Data
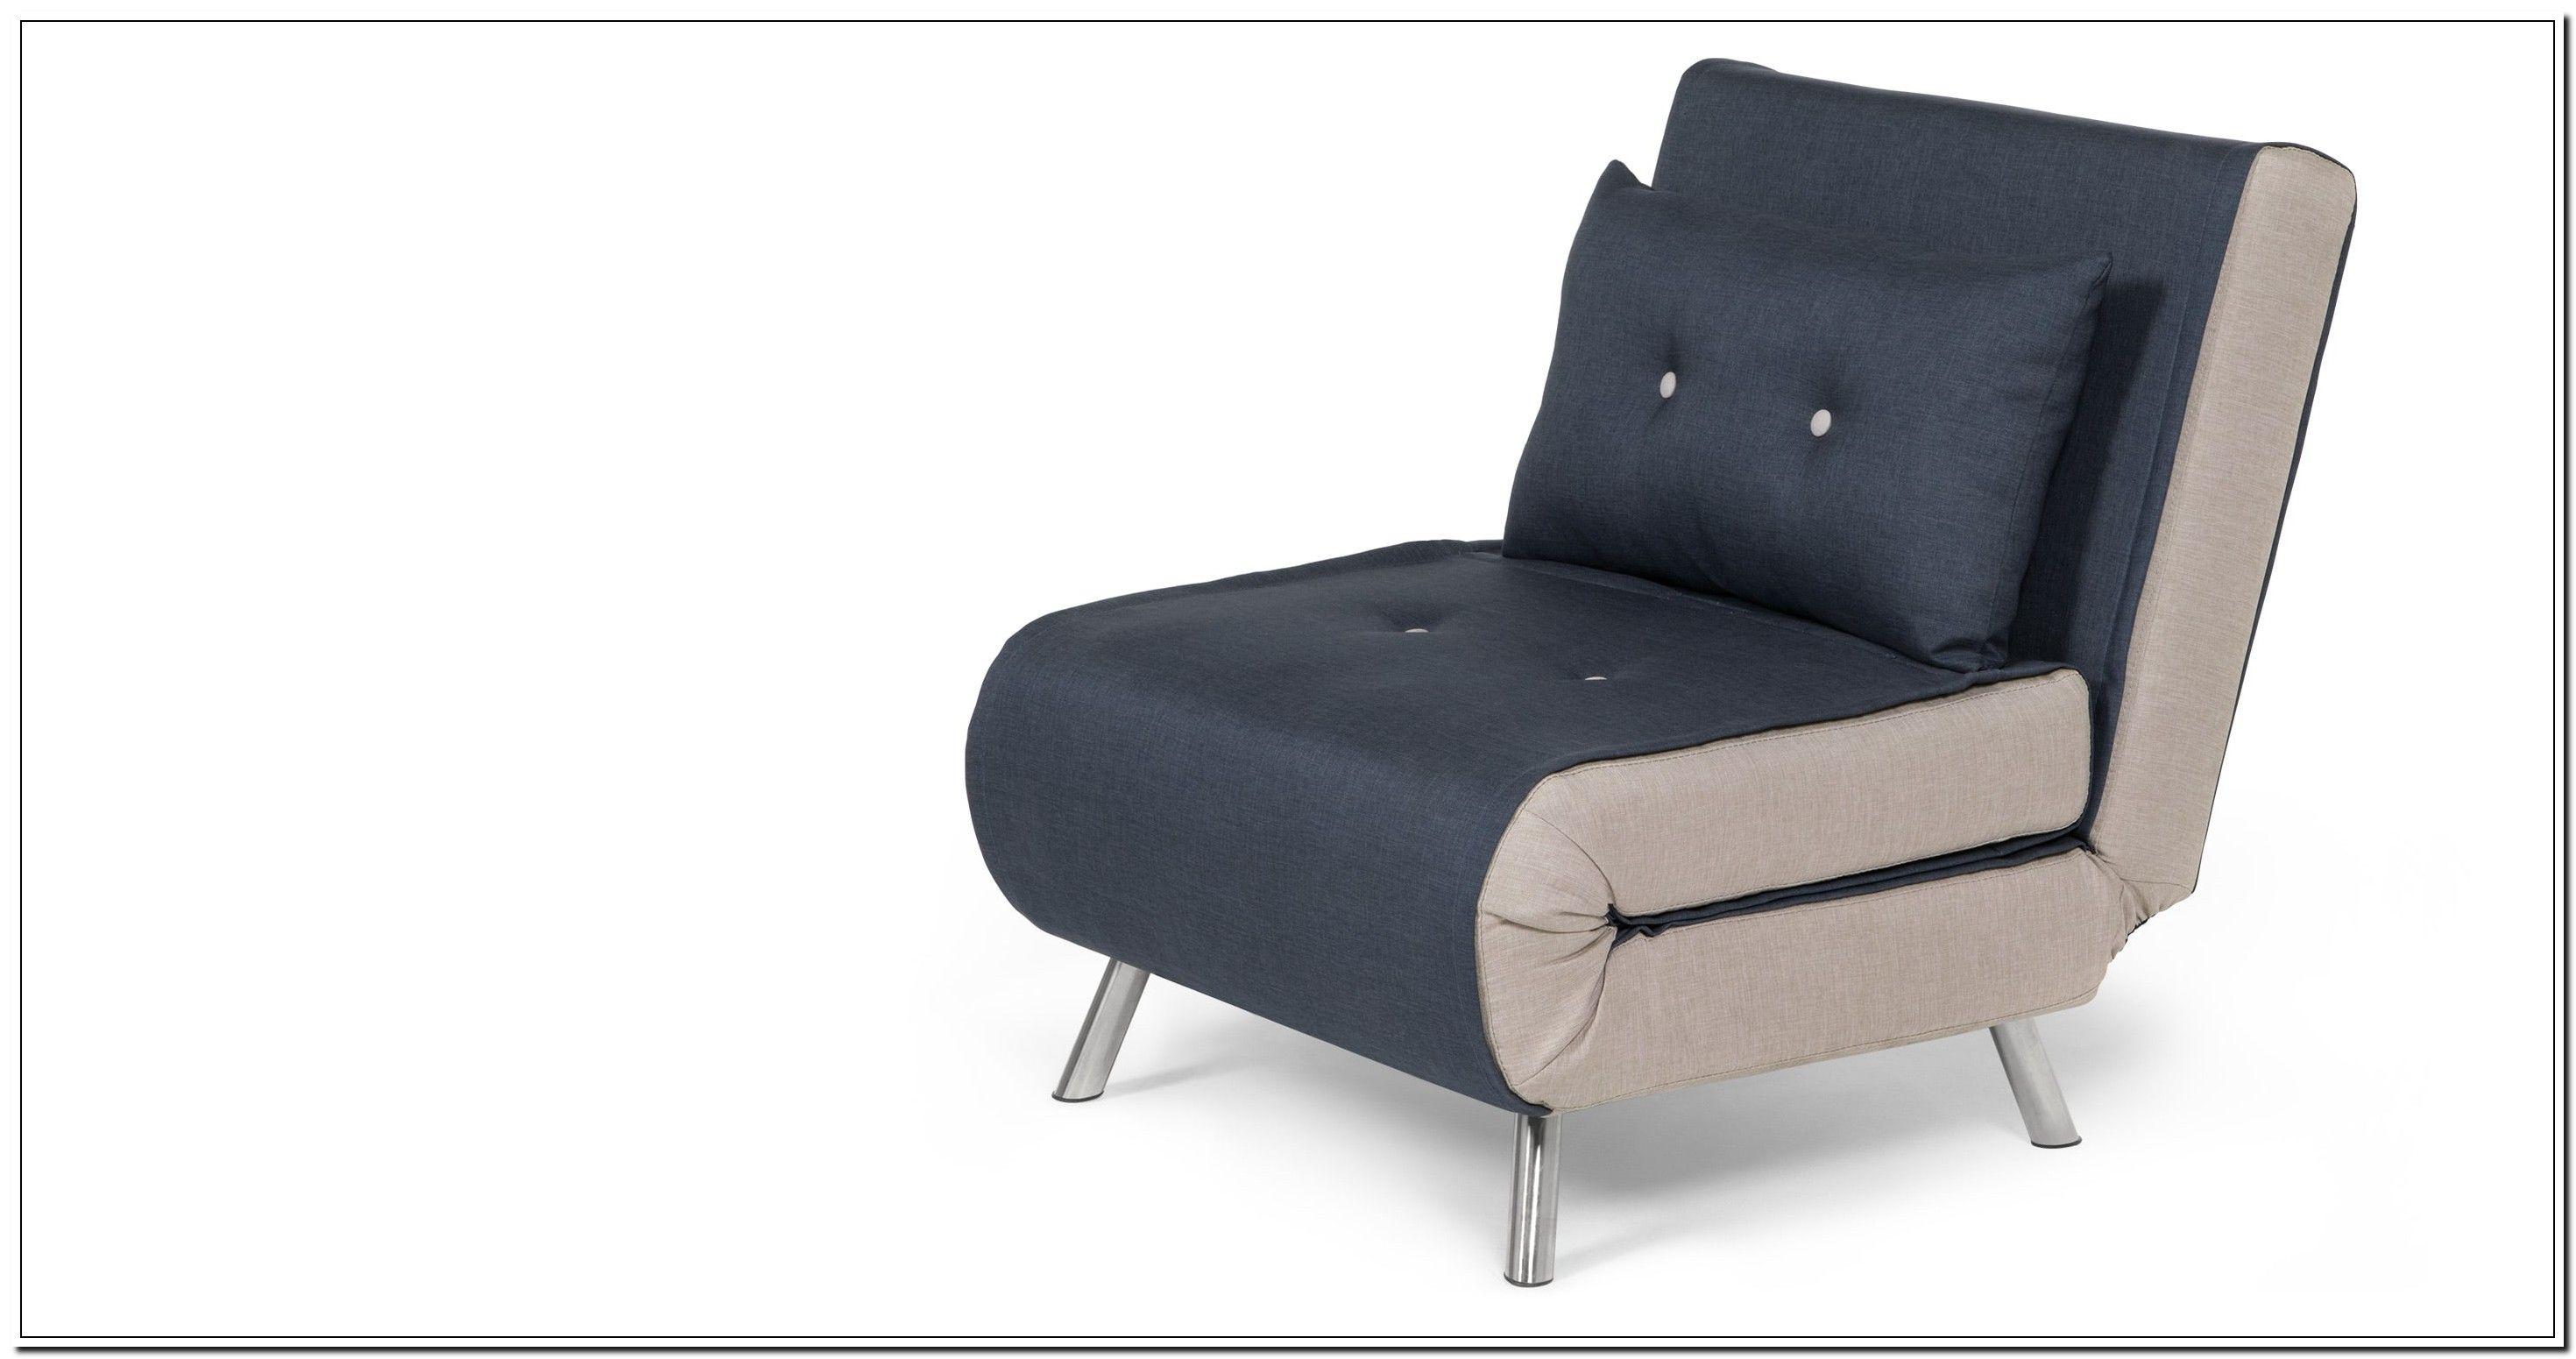 43 Reference Of Single Sofa Bed Chair Single Sofa Bed Single Sofa Bed Chair Single Sofa
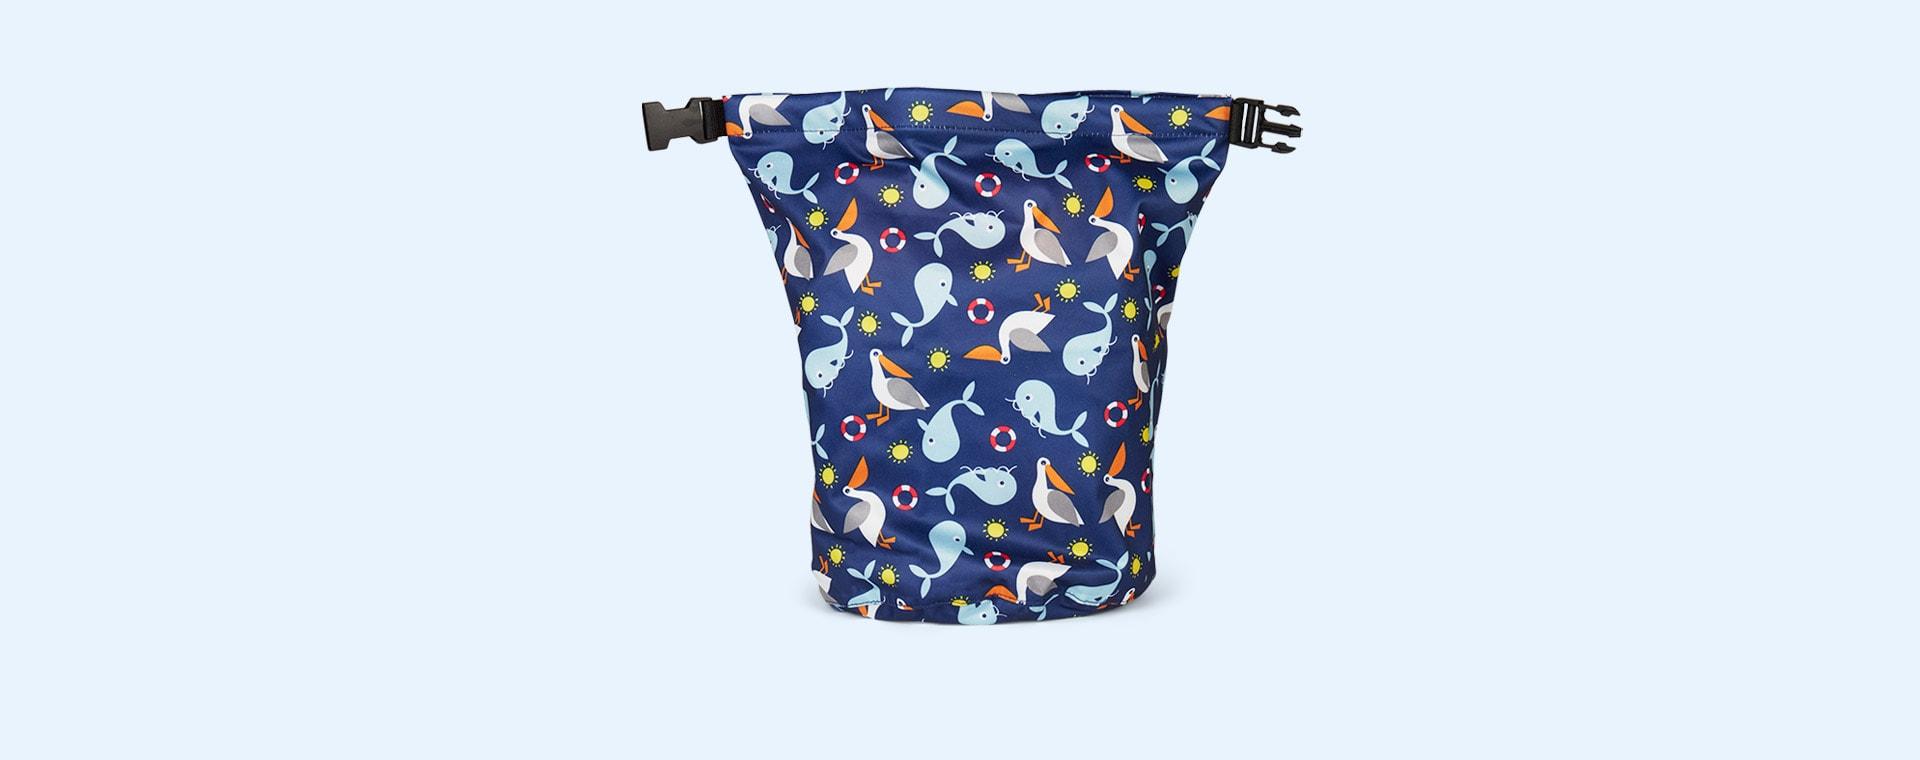 Nautical Bambino Mio Wet Bag
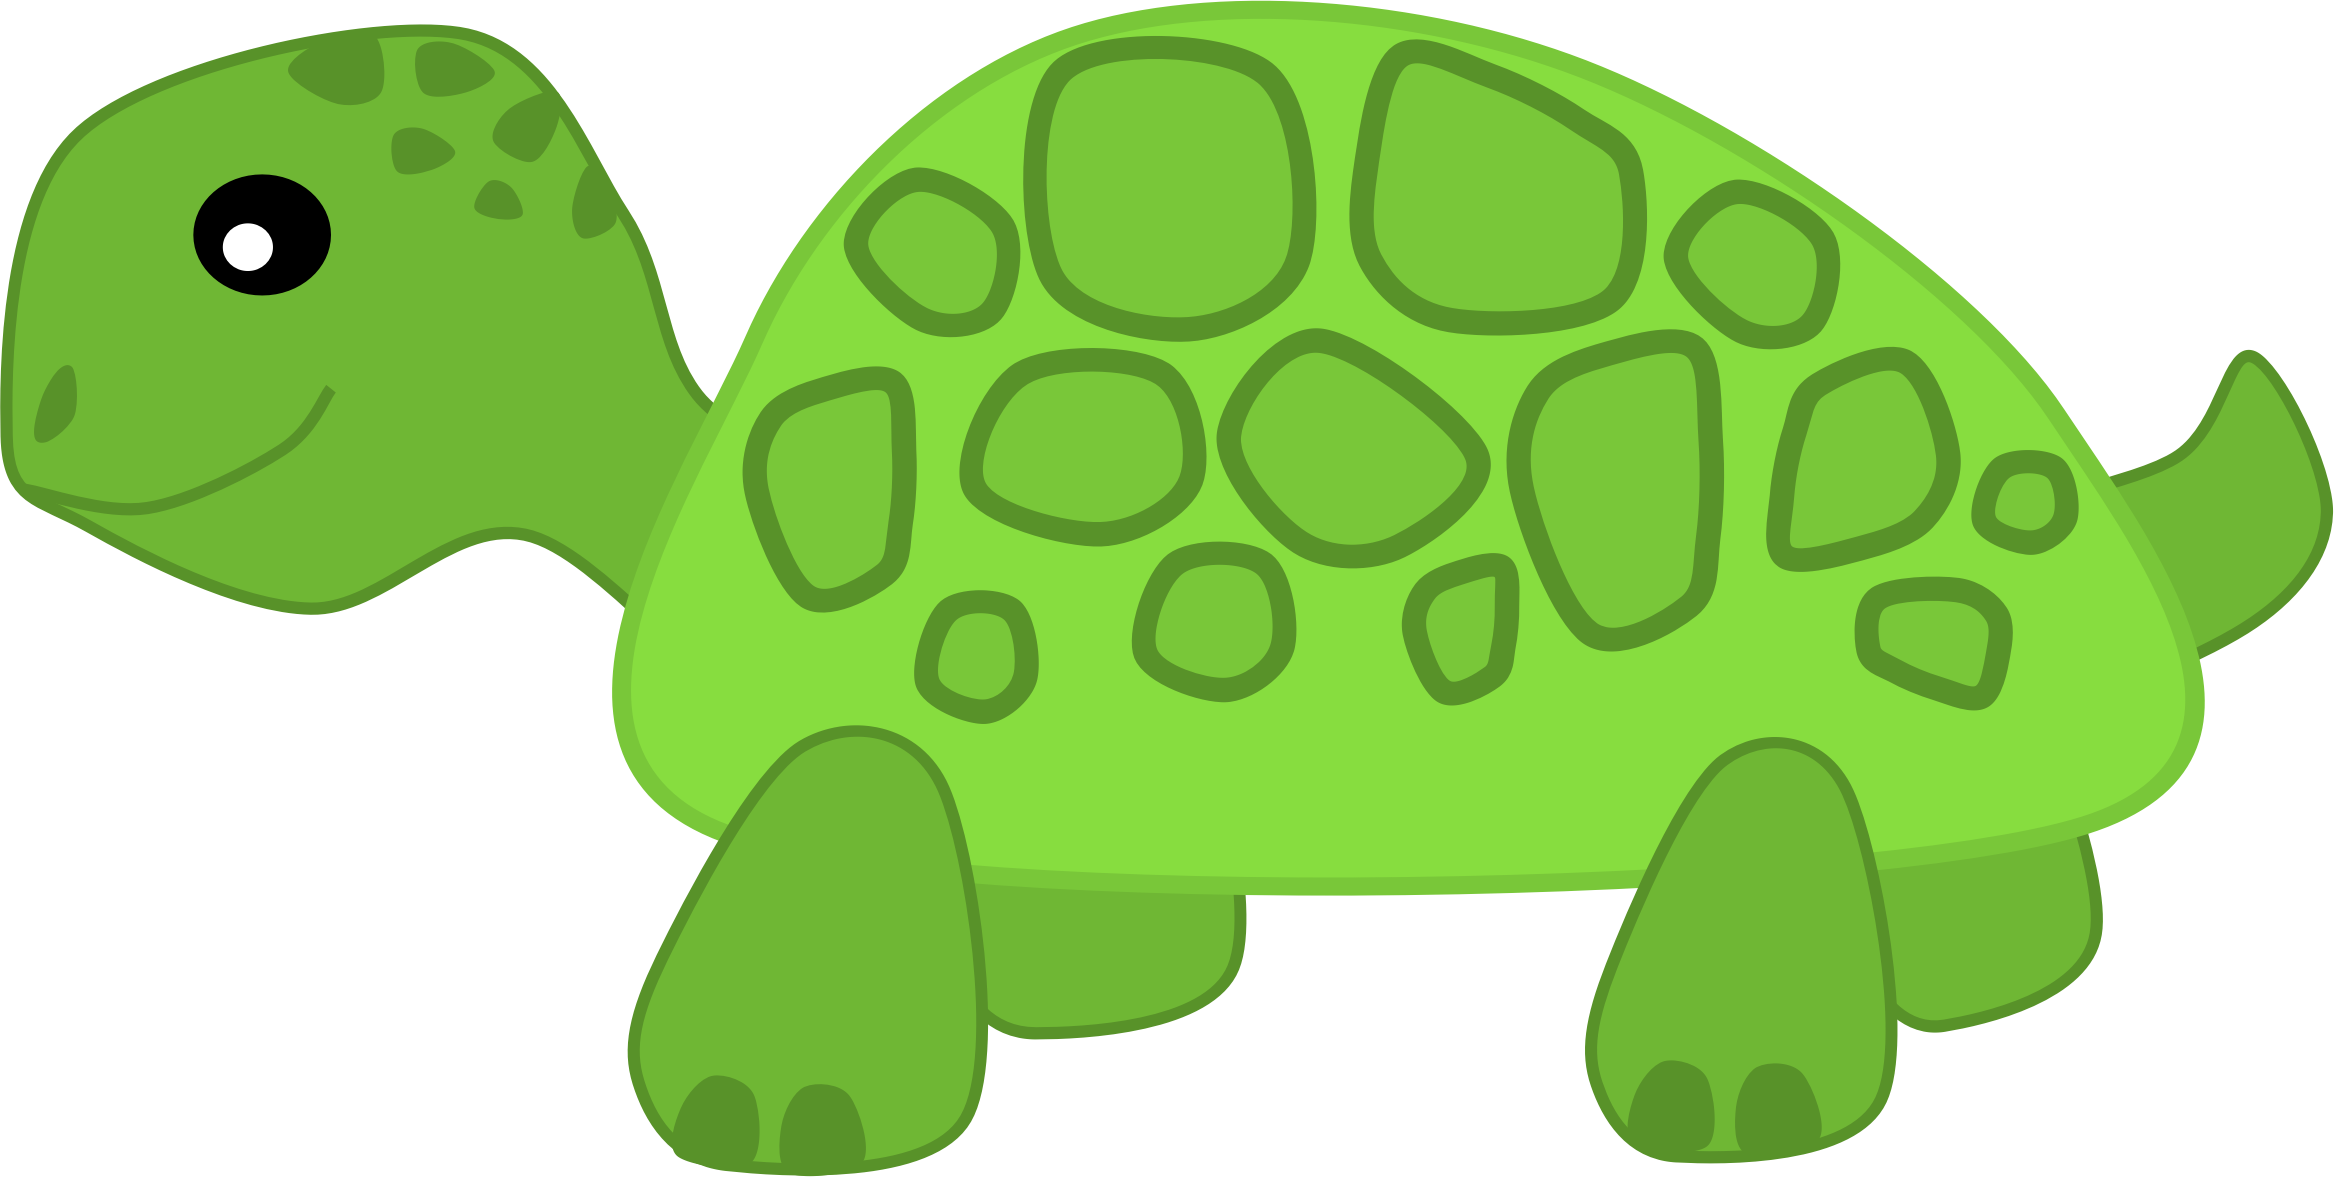 Turtle clipart small #3

Task to carry out
Restate the data above verbatim, skipping every image.

The answer
 43 Reference Of Single Sofa Bed Chair Single Sofa Bed Single Sofa Bed Chair Single Sofa
 Nautical Bambino Mio Wet Bag
 Turtle clipart small #3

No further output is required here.